Но кто был несомненным кумиром шелайских каторжных, писателем, пользовавшимся наибольшей любовью и успехом, так это Гоголь. К сожалению, у нас имелись не все его сочинения. Было следующее: "Мертвые души", "Тарас Бульба", "Вечера на хуторе", "Невский проспект", "Записки сумасшедшего", "Старосветские помещики" и "Шинель". Из них одна только "Шинель" принята была совсем холодно и никогда впоследствии не перечитывалась; все же остальное чуть не наизусть заучивалось. Герои Гоголя стали в нашей тюрьме нарицательными именами – лучший признак огромных размеров успеха. "Вечера на хуторе близ Диканьки" слушались всегда с напряженнейшим вниманием и то и дело сопровождались самым искренним хохотом.

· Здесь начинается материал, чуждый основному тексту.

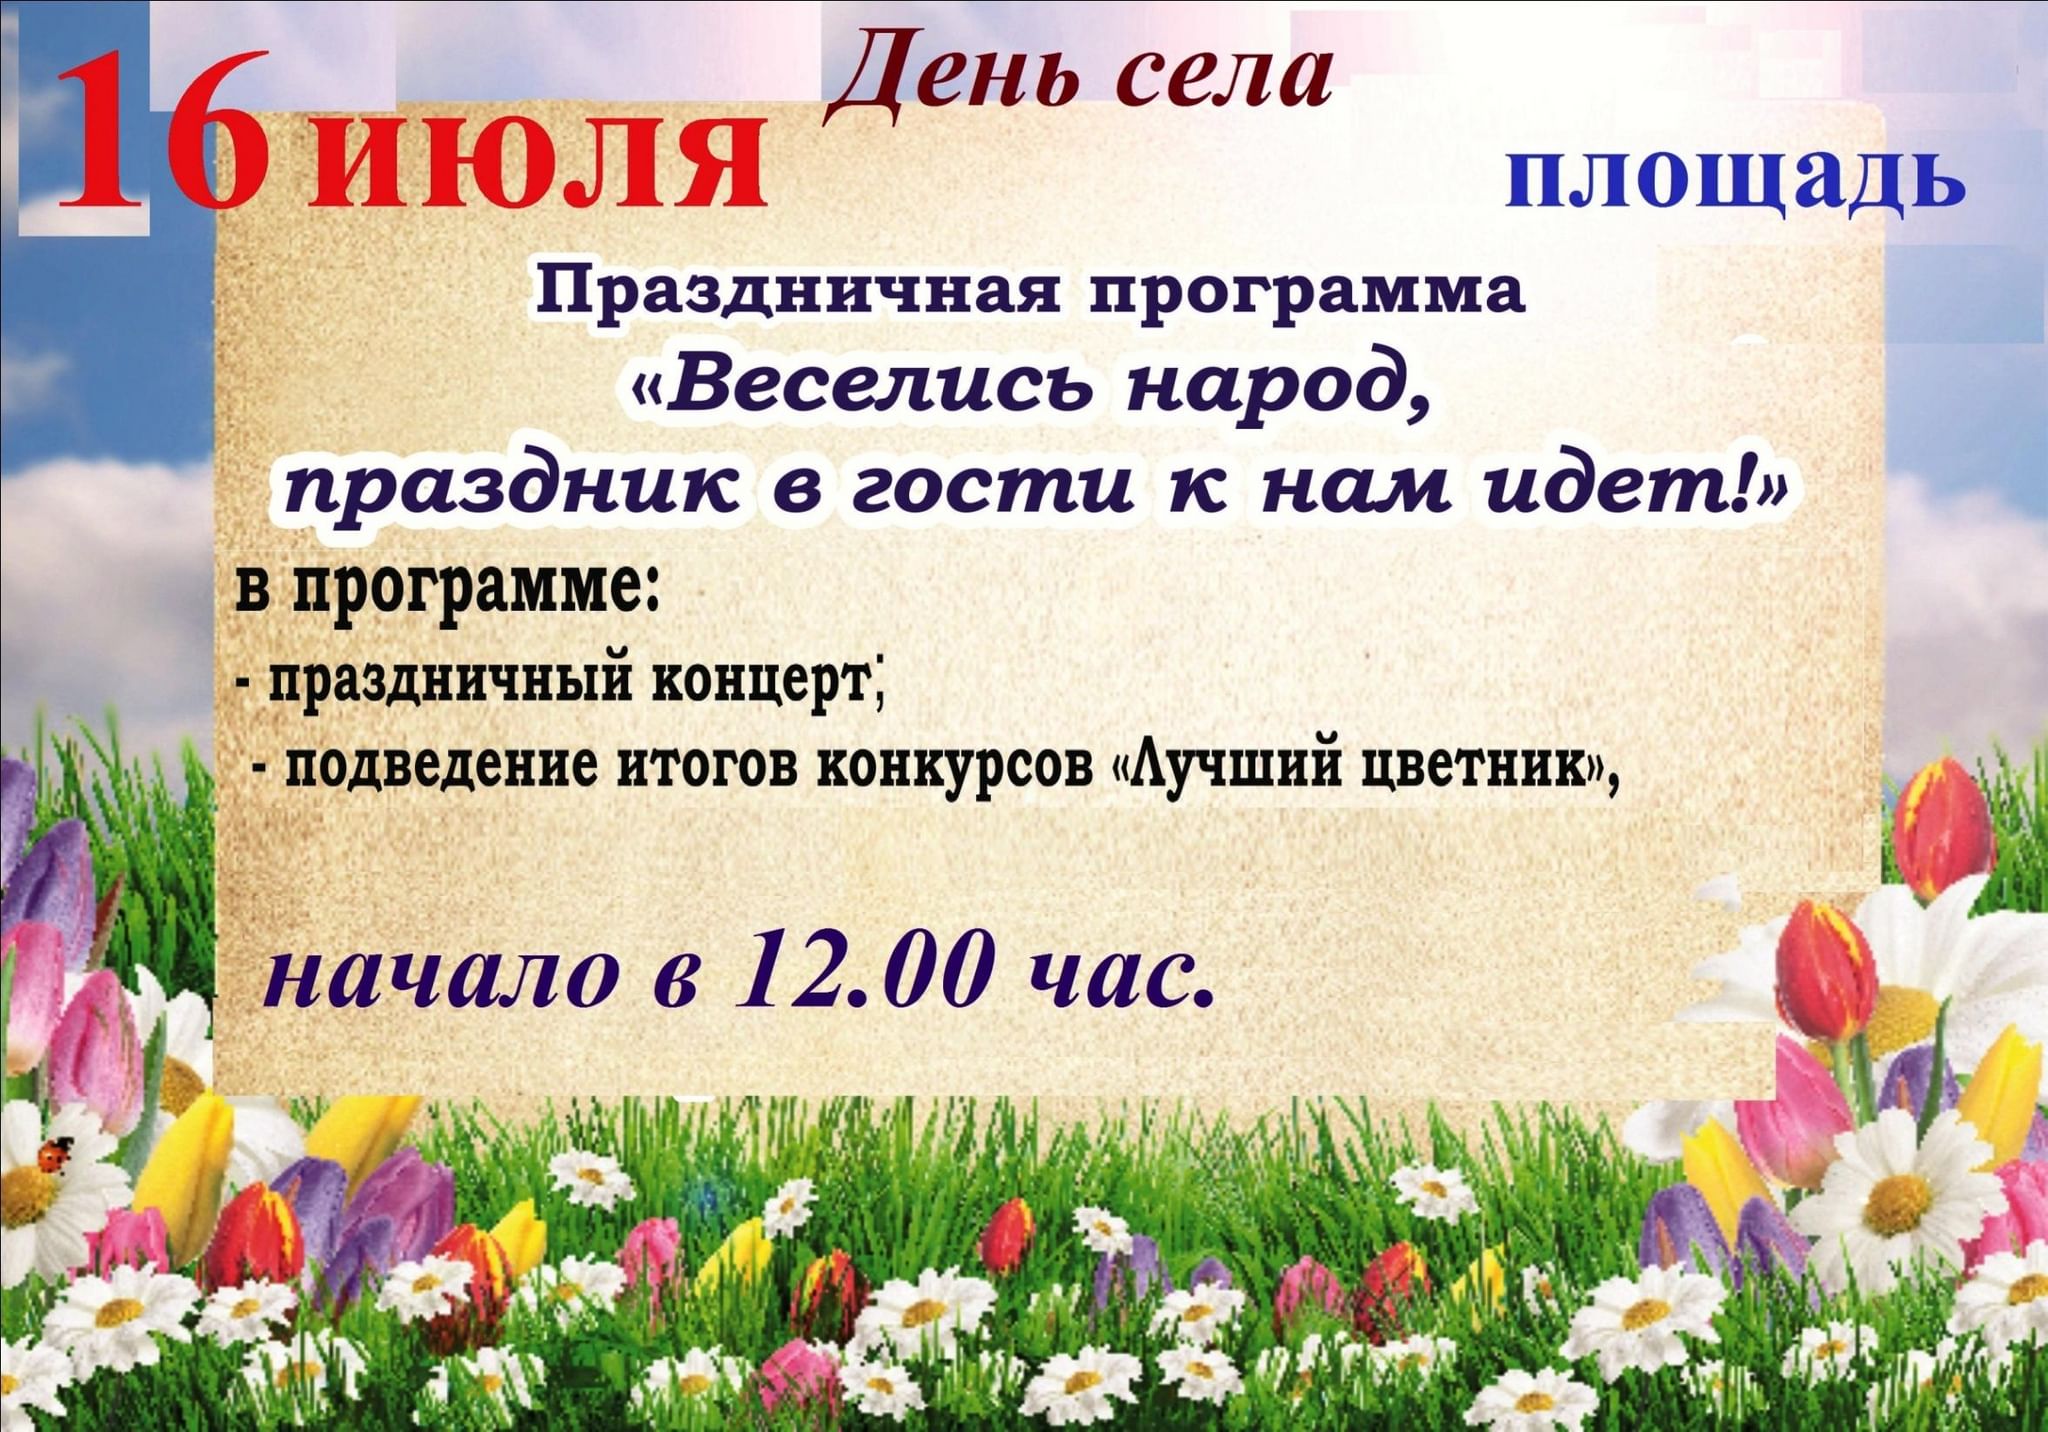 Дата проведения дня села Сканово в 2022 году

Кто-то назвал однажды Кузьму Чирка – Черевиком (из "Сорочинской ярмарки"), и надолго с тех пор укоренилось за ним это прозвище. Черт, ведьма, кузнец Вакула и Чуб, зашипевший от боли, когда ему закручивали в мешке волосы, стали всеобщими любимцами; хорошо запомнился даже пьяный Каленик, мимолетно лишь появляющийся в "Майской ночи". Но наибольший фурор произвели, конечно, "Мертвые души" и "Тарас Бульба". Впечатление от того и другого произведения было различное, но почти одинаково громадное. Один только Владимиров высказывал, по обыкновению, оригинальное мнение относительно "Тараса Бульбы".
– Это что такое? Чепуха, прямая чепуха. Ничего тут особенного нет… Так просто сплетено.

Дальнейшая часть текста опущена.